1. Just when they were starting to live down their “Coke capital of the world” reputation…

  2. Joe

    Because “cocaine” isn’t retro enough.

  3. This must be what it’s like in Beverly Hiills–Brooklyn Decker photobombs all the time.

  4. “Hey 300! When’re ya gonna make another good movie?”

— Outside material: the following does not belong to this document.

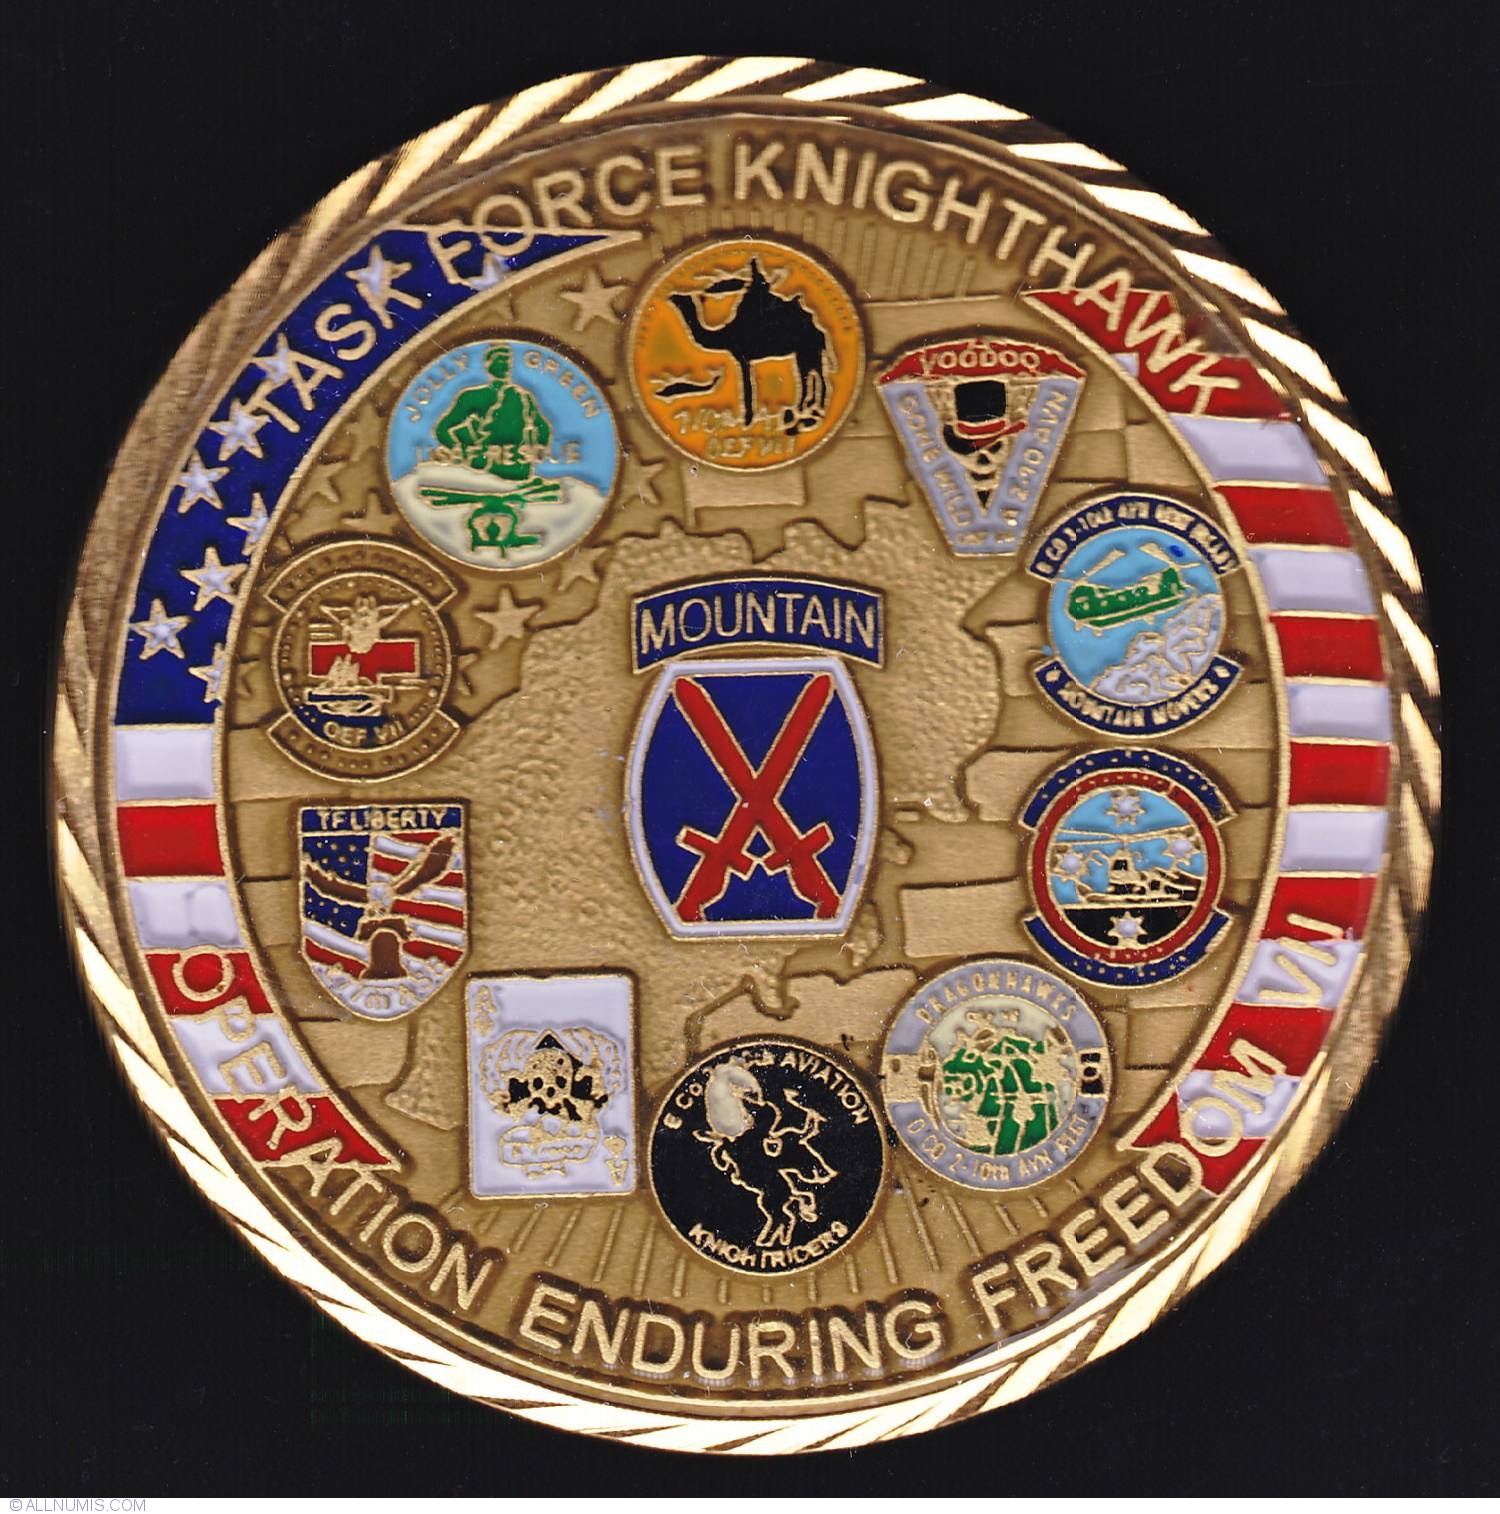 Op Enduring Freedom VII Task Force Knighthawk, Military Challenge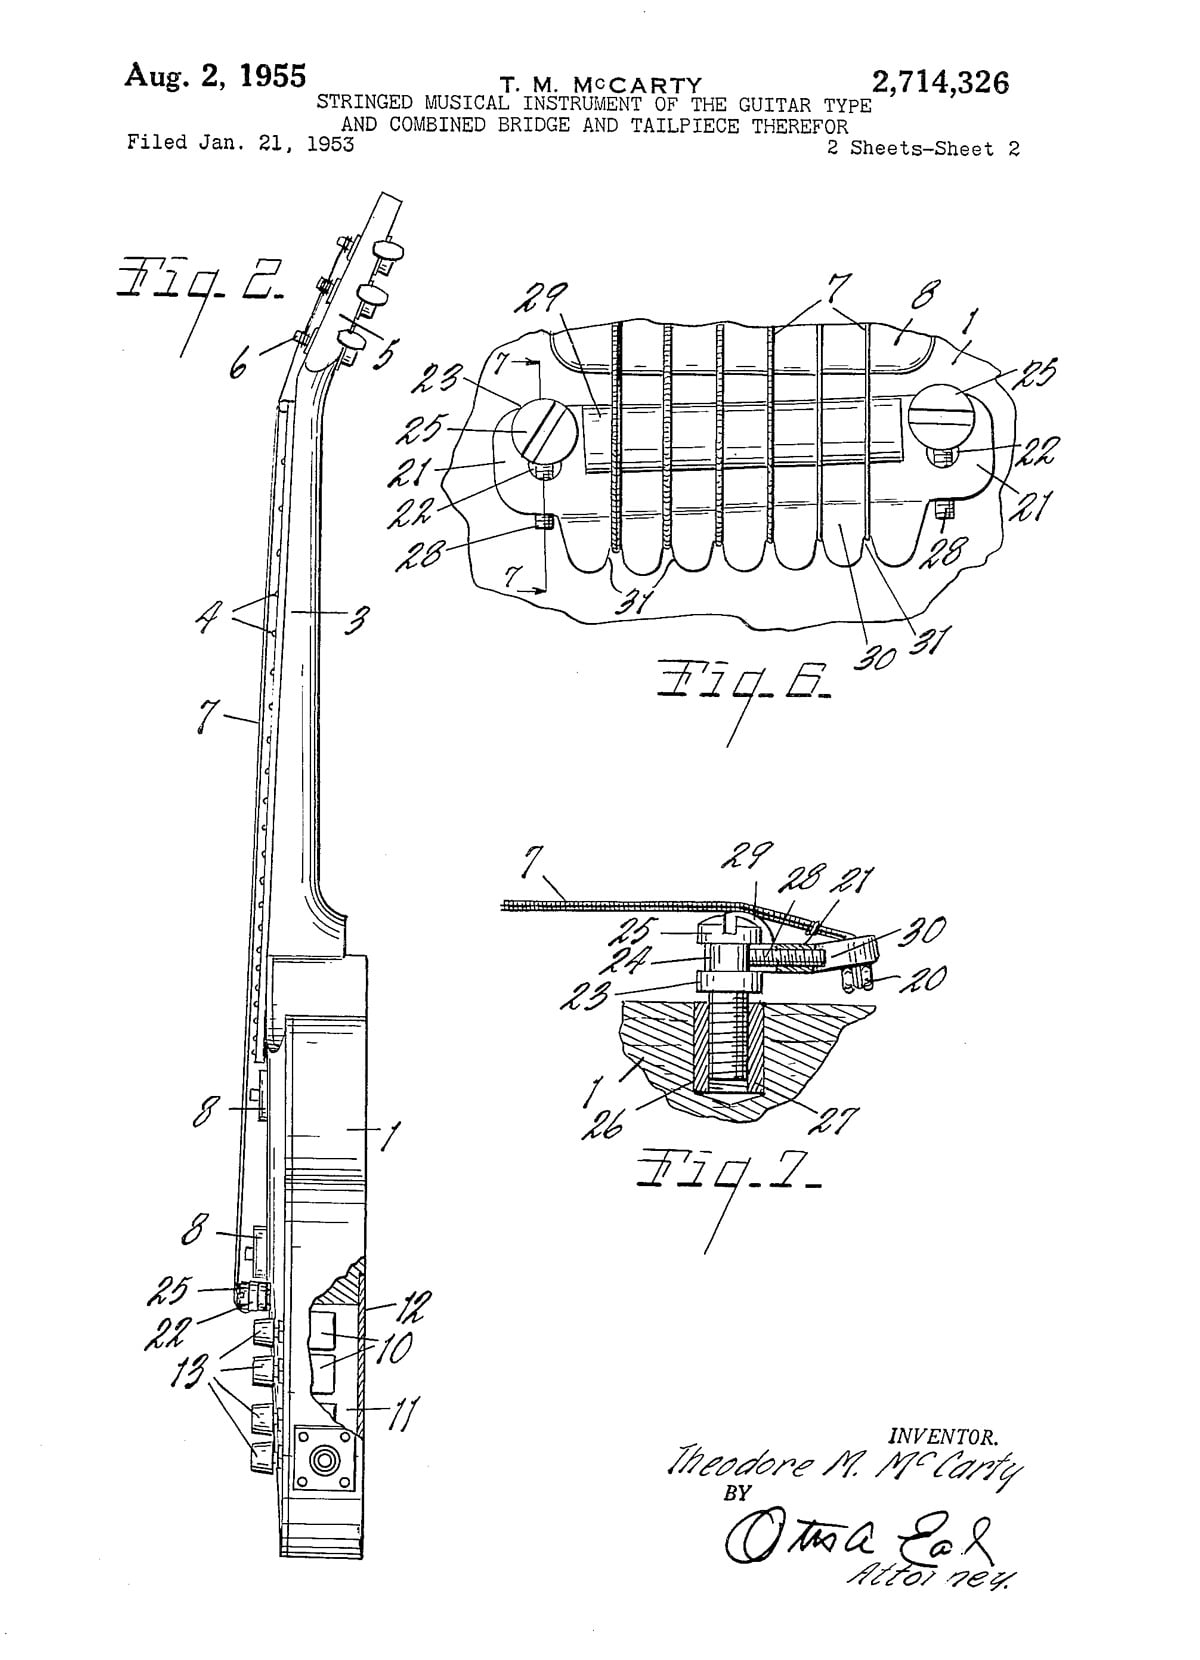 Stringed musical instrument of the guitar type and combined bridge and tailpiece therefor

    • He doesn’t make movies anymore. His new career is showing up places where he thinks he might run across some paparazzi so they’ll take his picture and everyone will think he still makes movies.

  5. Jade

    Thank you, Gerard, for displaying to us exactly how far the mighty can fall.

  6. Joaquin ingles

    I knew Pablo Escobar’s death was faked.

  7. The Brown Streak

    That’s one way to attract a Lohan.

  8. SupaDupa

    He got so much “service” out there they gave him a t-shirt….Nice!

  9. Crissy

    That’s one happy customer!

  10. lily

    He has really aged himself with all the drugs

  11. Swearin

    Is this like how some people stump for Real California Cheese over the Wisconsin stuff? Except for cocaine, not cheese…although both taste great.

  12. journalschism

    “Hey, Gerry, come back! My sister’s mouth is still in the shape of your c*ck!”

  13. cc

    Oh good, the guy giving me a quote on a new deck finally showed up.

  14. El Jefe

    Colombia, how appropriate considering he is responsible for about 20% of their GDP.

  15. tlmck

    Not shown: The person run over by the silver SUV.

  16. I think the only thing on the wagon is the dirty needle he lost as he fell off.

  17. HawaiianZ

    “I bought 2 kilos and all I got was this free shirt!”

  18. Trustician

    That woman is a dealer who just realized all six of her kids are going to college.

  19. “I am one… wild and cur-azy guy…”

  20. dinosaurland

    Did he time travel? Because I swear that’s Kirsten Dunst circa 1999 in that SUV.